Реплики прочих гостей и их попытки вступить в дискуссию Жоржик непринужденно огибал, как огибает журчащий ручеек попавшиеся на пути камни.
Клайд, считавший сегодняшним бенефициантом себя, нервно барабанил пальцами по деке гитары. Парочка в углу вообще не интересовалась вопросом, в какой реальности они столь увлеченно целуются, – в реальной или иллюзорной. Масику, судя по ее реакции, подтощалый философ казался юмористом-эстрадником, читающим монолог Жванецкого…
Тонувший в малопонятном философствовании вечер спас Доктор Пробиркин, всегда отличавшийся редкой непосредственностью и не обращавший внимание на тонкости этикета.
Впрочем, обижаться за это на него было невозможно; его удивленно распахнутые глаза, казалось, вопрошавшие: “Как? Я что-то не то сказал?”, и застенчивая улыбка сглаживали бестактности, произнесенные Доктором. Окружающие воспринимали его как прямодушного и открытого парня, может быть слегка инфантильного, но безусловно не вредного и безобидного.
Жорж сделал короткую паузу — перед тем как сформулировать венчающее свои разглагольствования положение о том, что весь окружающий мир является исключительно продуктом его, Жоржиковых, ощущений. Пробиркин немедленно воспользовался моментом и шлепнул на стол вытащенную из кармана рукопись. Радостно объявил:
– А я рассказ написал! Хотите, прочту?
Вопрос прозвучал риторически, но присутствующие горячо поддержали Доктора. Жорж попытался вернуть разговор к любовно развиваемой теме – тщетно, плаврук уже начал громко читать свое творение, старательно, с выражением, как отличник на уроке литературы.
Горе-философ раздраженно хлопнул услужливо налитый Клайдом стаканчик коньяка, поперхнулся, с трудом прокашлялся и отвернулся к стене, демонстративно игнорируя Пробиркина и его опус…
…Рассказ напомнил Свете одну из мистических новелл Гофмана – но изложенную короче, суше и перенесенную на современную почву.
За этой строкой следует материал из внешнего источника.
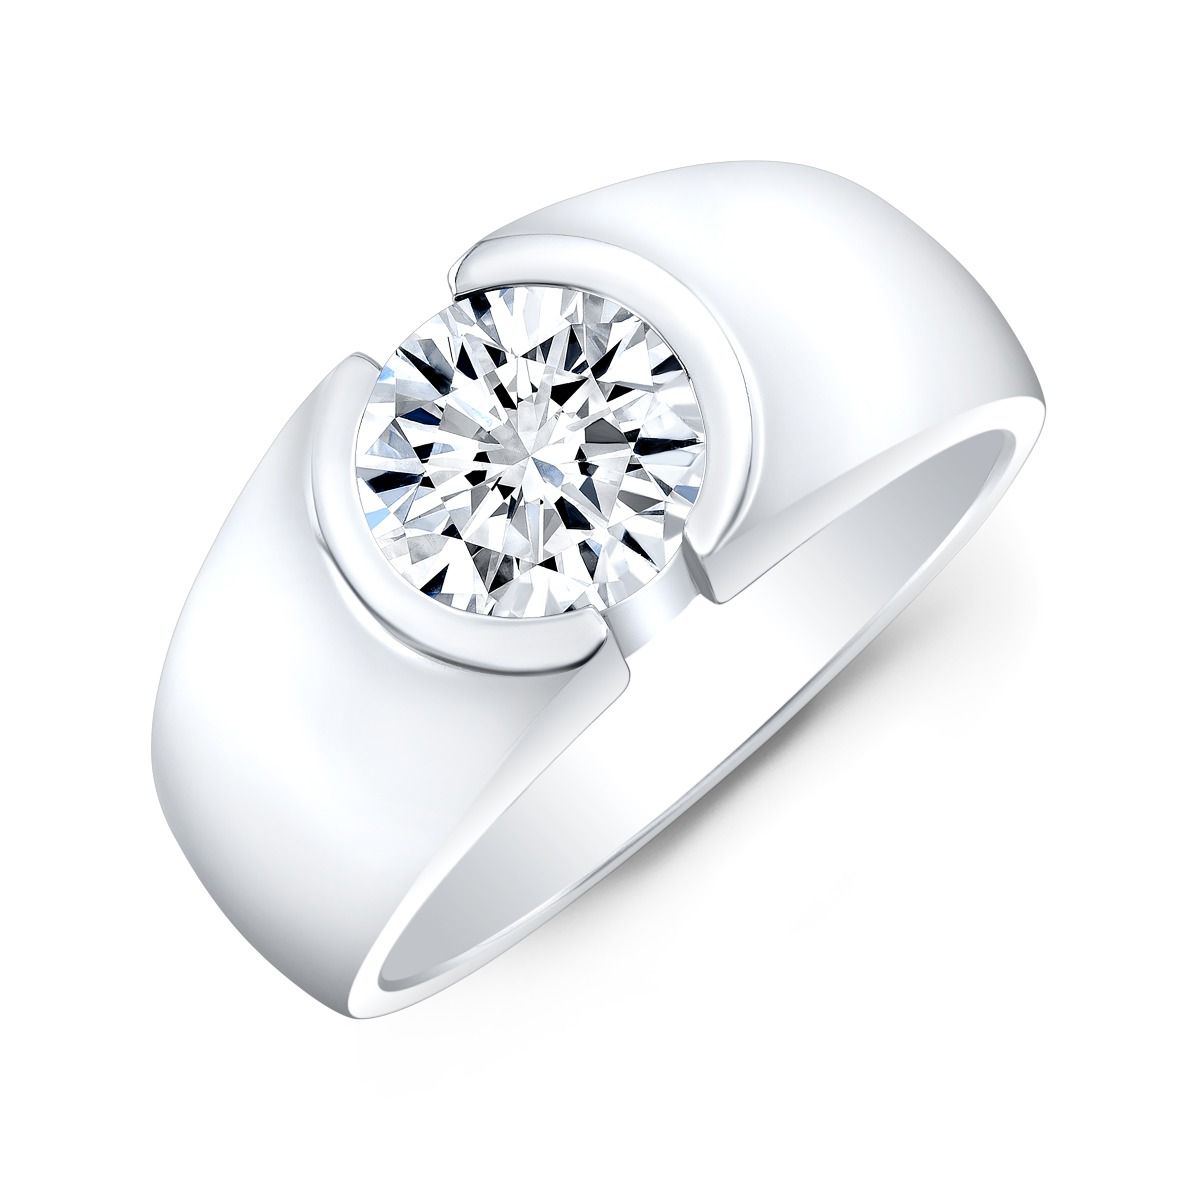 1/2 CT White gold diamond engagement ring size 6 | eBay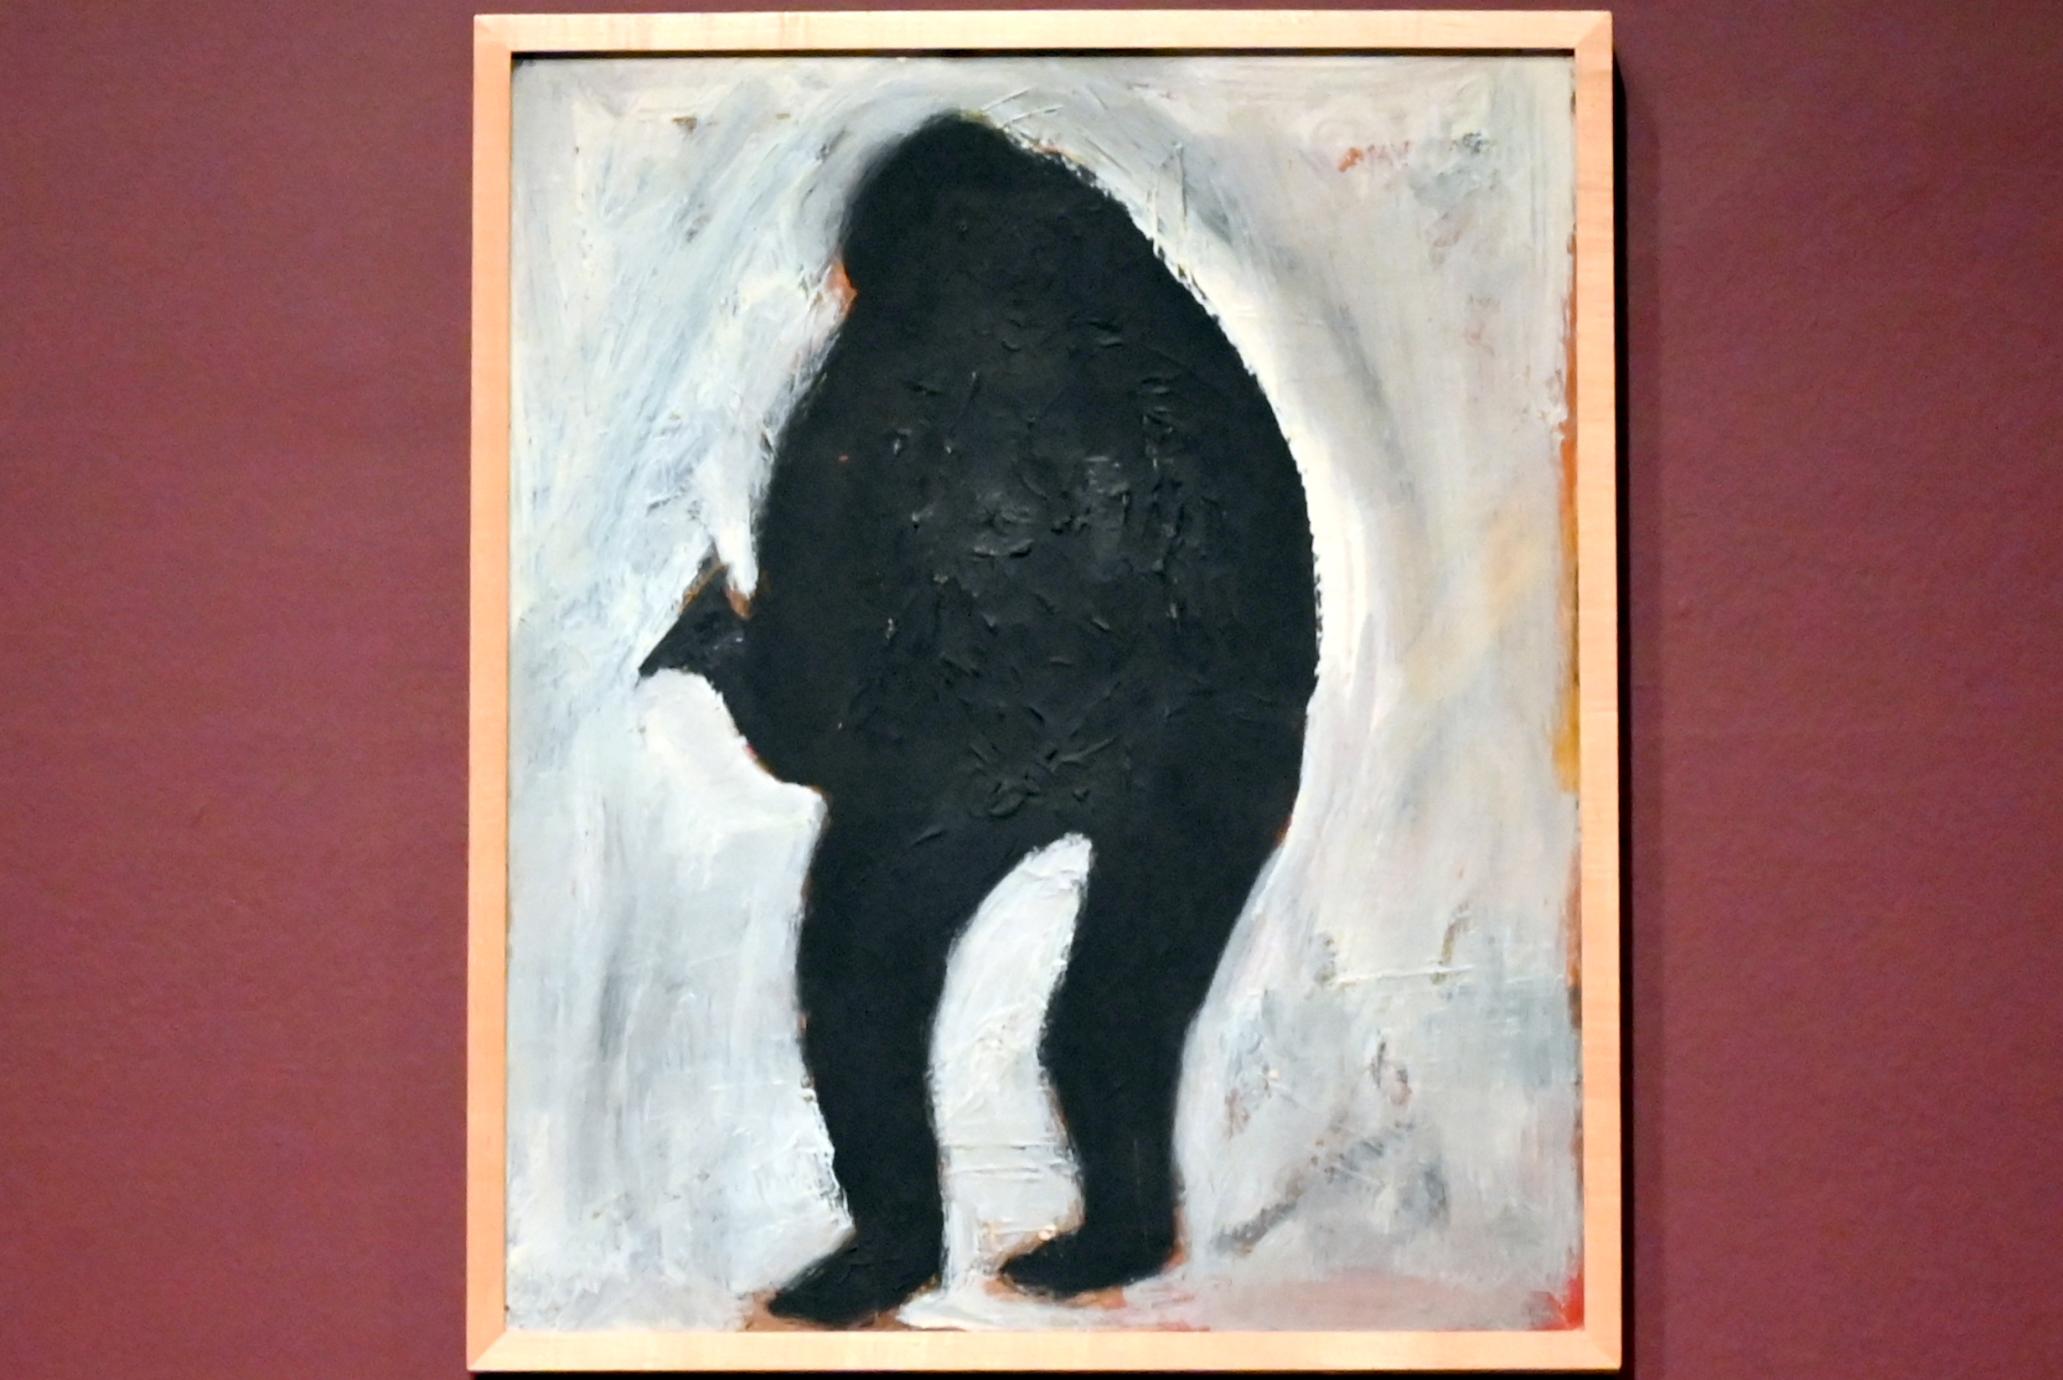 Ted Joans (1958–2003), Vogel lebt!, London, Tate Modern, Ausstellung "Surrealism Beyond Borders" vom 24.02.-29.08.2022, Saal 6, 1958

Сюжет был прост: молодежный клуб; рок-концерт; руководитель (он же солист) популярной команды задерживается и появляется сильно запоздав, привлекая внимание своим странным видом; музыка начавшегося представления оказывает на слушателей небывалое действие; случайно оказавшийся на тусовке руководитель студии звукозаписи ищет солиста, дабы предложить выгодный контракт – но тот бесследно исчезает сразу после концерта; а спустя некоторое время музыканта обнаруживают скончавшегося от передозировки наркотиков, причем, что характерно, по данным экспертизы смерть наступила за несколько часов до начала потрясшего публику концерта…
Такая вот незамысловатая история.
Клайд слушал первую страницу рассказа невнимательно, просто из благодарности за избавление от рассуждений Жоржа – приятель давно допек его своей псевдофилософской ахинеей. Особенно в последнее время, этим летом оба жили в одной комнате в спортлагере, в часе ходьбы от “Варяга”, – хотя спортсменами отнюдь не были, один забросил спорт ради музыки, а второй упражнял исключительно духовные силы.
Однако вскоре рассеянное внимание Клайда сменилось неподдельным интересом – Пробиркин затронул живые и актуальные для рок-музыканта темы. Но по своему дилетантству допустил ряд вопиющих промахов в описываемом предмете.
При последовавшем обсуждении Ленка попыталась мягко свернуть с творчества Пробиркина на рассказы Кортасара, – но Клайд, обычно при умных разговорах отмалчивающийся, бодро хватанул еще коньячку, тряхнул гривой нечесаных волос и смело ринулся в пучину литературной дискуссии.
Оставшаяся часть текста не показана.